- Developer: D4Science
- Stable release: 5.2 / 05 May 2021
- Type: Data Infrastructure
- License: European Union Public Licence (EUPL v.1.1)
- Website: www.gcube-system.org

= GCube system =

Open source software system

gCube is an open source software system specifically designed and developed to enact the building and operation of a Data Infrastructure providing their users with a rich array of services suitable for supporting the co-creation of Virtual Research Environments and promoting the implementation of open science workflows and practices. It is at the heart of the D4Science Data Infrastructure.

== Overview ==
It is primarily organised in a number of web service called to offer functionality supporting the phases of knowledge production and sharing. In addition, it consists of a set of software libraries supporting service development, service-to-service integration, and service capabilities extension, and a set of portlets dedicated to realise user interface constituents facilitating the exploitation of one or more services.

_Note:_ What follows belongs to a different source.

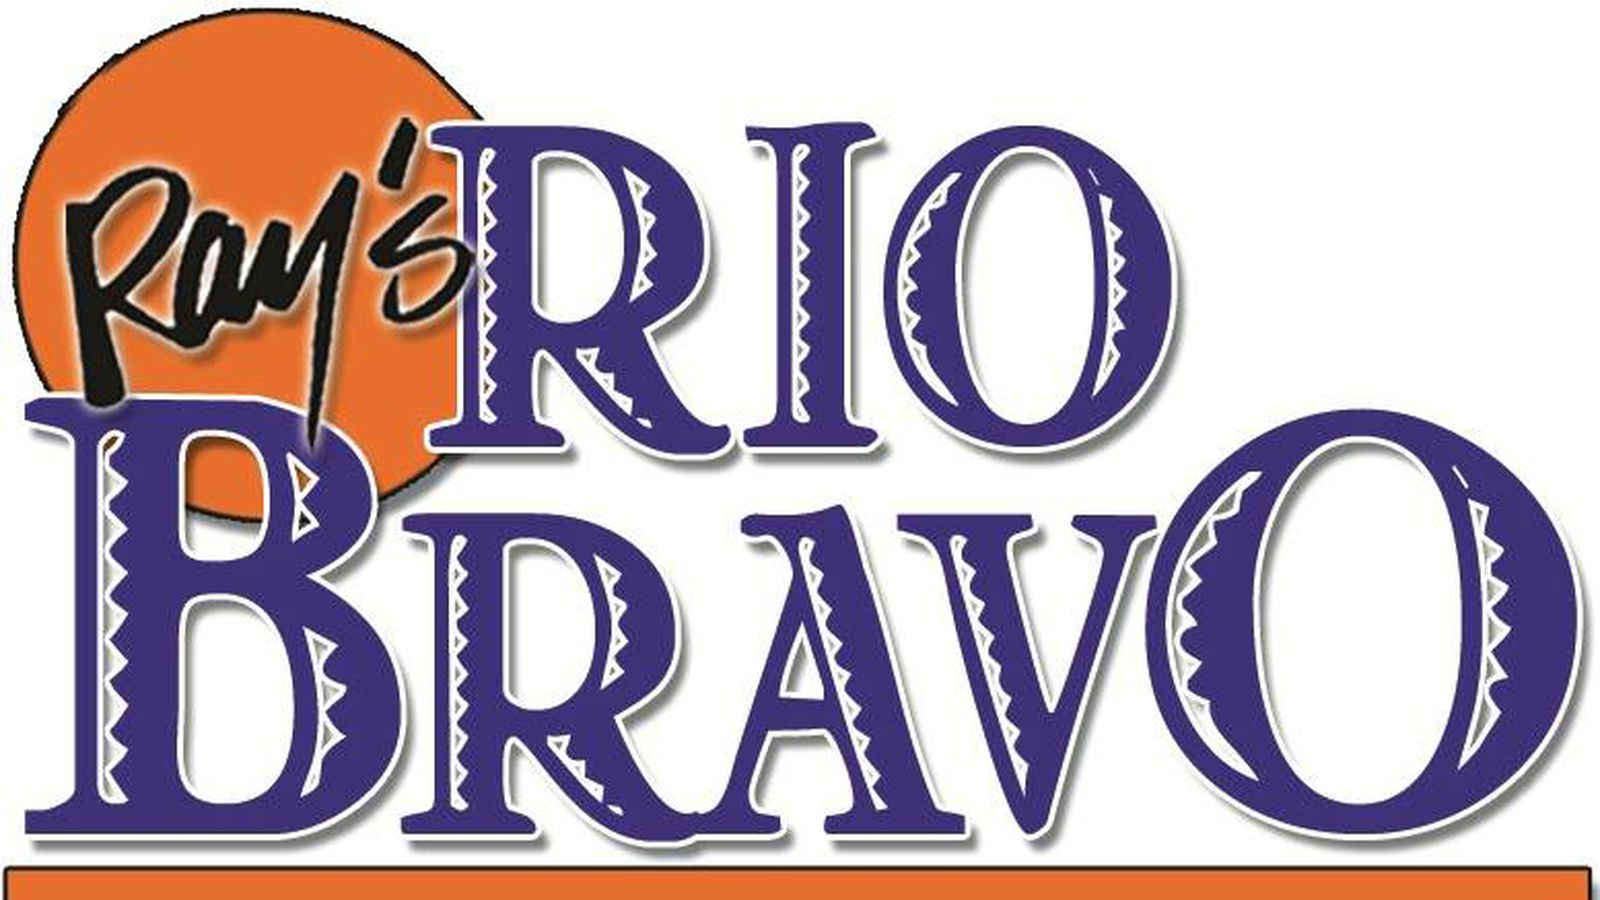 Bravo Restaurant New Orleans

It is designed and conceived to enact system of systems. In fact, its gCube services rely on standards and mediators to interact with other services as well as are made available by standard and APIs to make it possible for clients to use them. For instance, the DataMiner service implements the Web Processing Service protocol to facilitate clients to execute processes.
The set of components dealing with Identity and Access Management rely on Keycloak and federates other IDMs thus making the overall Authentication and the Authorization management compliant with open standards such as OAuth2, User-Managed Access (UMA), and OpenID Connect (OIDC) protocols.
The Catalogue relies on DCAT, OAI-PMH, and Catalogue Service for the Web to collect contents from other catalogues and data sources and offers its content by DCAT, OAI-PMH, and a proprietary REST API (gCat REST API).

The project utilizes a Jenkins-based CI/CD pipeline, which was designed for scalability and lower operational costs.

== History ==

gCube has been developed in the context of the D4Science initiative with the support of several EU projects.